Die Selbstzensur des Westens gegenüber Chinas Machthabern

Von Sebastian Thormann | Letzte Woche zeigte der Manager des Basketball-Teams Houston Rockets auf Twitter seine Unterstützung für die pro-demokratischen Demonstranten in Hongkong. Kurze Zeit später musste er den Tweet löschen und sich entschuldigen, die amerikanische Basketball-Liga NBA setze ein Statement ab, in dem es hieß der Tweet “habe viele chinesische Fans verletzt”. Was war passiert?

Die NBA überträgt ihre Spiele nämlich auch nach China, und hat mit China einen riesigen Basketball-begeisterten Markt für Sport-Übertragungen. Chinesische Staatsmedien hatten nach dem Tweet angekündigt, Spiele der Houston Rockets nun nicht mehr zu übertragen. Das führt dazu, dass nun mitunter sogar Fans mit “Free Hong Kong” Plakaten aus US-Stadien entfernt werden – während dort die amerikanische Nationalhymne gespielt wird, die vom “Land der Freien und der Tapferen” handelt. 

Das Vorgehen der NBA haben jetzt Kongressmitglieder von beiden Parteien, von der sozialistischen Abgeordneten Alexandria Ocasio-Cortez aus New York bis hin zum konservativen Senator Ted Cruz aus Texas, in einem gemeinsamen Brief aufs Schärfste als “unamerikanisch” verurteilt. 

Diese Praxis ist aber nichts neues. Auch in der Filmbranche, die in China einen gewaltigen Absatzmarkt hat und immer häufiger mit chinesischen Unternehmen zusammenarbeitet, sieht man solche Selbstzensur. Beim Trailer zur Fortsetzung des Action-Films Top Gun zeigt sich etwa im Detail ein bemerkenswerter Unterschied zum ersten Teil aus den 80ern: Die Fahnen der amerikanischen Verbündeten in Asien und vor allem Gegenspielern Chinas, nämlich Japan und Taiwan, sind nun nicht mehr auf der Lederjacke des Protagonisten zu erkennen.

Einen aktuellen Fall dieser Zensur im vorauseilenden Gehorsam gegenüber der chinesischen Führung sieht man jetzt auch in der Videospiel-Branche: Entwickler Blizzard suspendierte am Wochenende den E-Sportler Ng Wai “Blitzchung” Chung, nachdem dieser in einem Interview seine Unterstützung für Hongkongs Demonstranten gezeigt hatte.

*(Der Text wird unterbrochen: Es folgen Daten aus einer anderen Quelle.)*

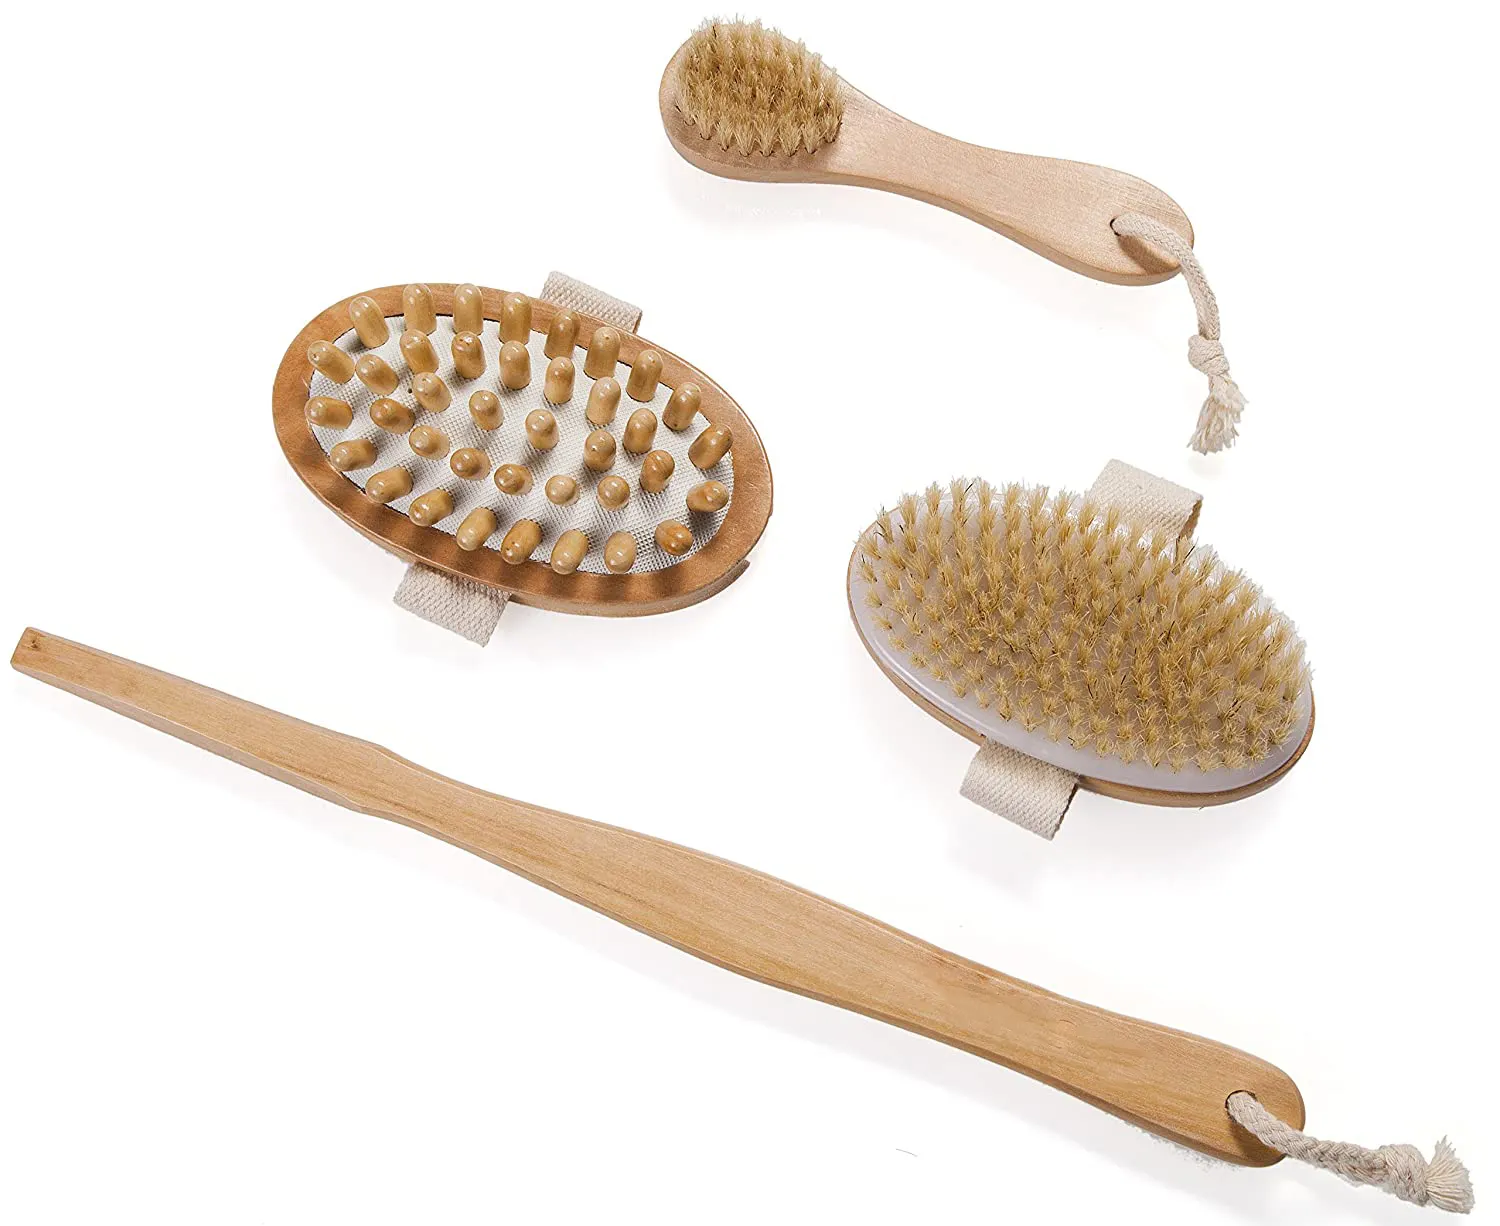 Conjunto de escova de madeira dupla face, kit de escova para limpeza de cerdas naturais com cabo longo

Es wäre wohl an der Zeit, dass sich diese Unternehmen auf die freiheitlichen Werte des Westen zurückbesinnen, auch weil diese ihnen oft überhaupt erst ihren Erfolg ermöglichten, statt sie in Anbiederung an Peking zu verraten.

1 Antwort

  1. moneypenny sagt:

    Danke für diesen informativen Artikel, der ja wegen der übrigen Ereignisse leider etwas unterging… Aber China wird zns wohl noch mehr beschäftigen, als uns lieb ist.
    Das mit den Aufnähern in Top Gun ist ja wirklich skandalös.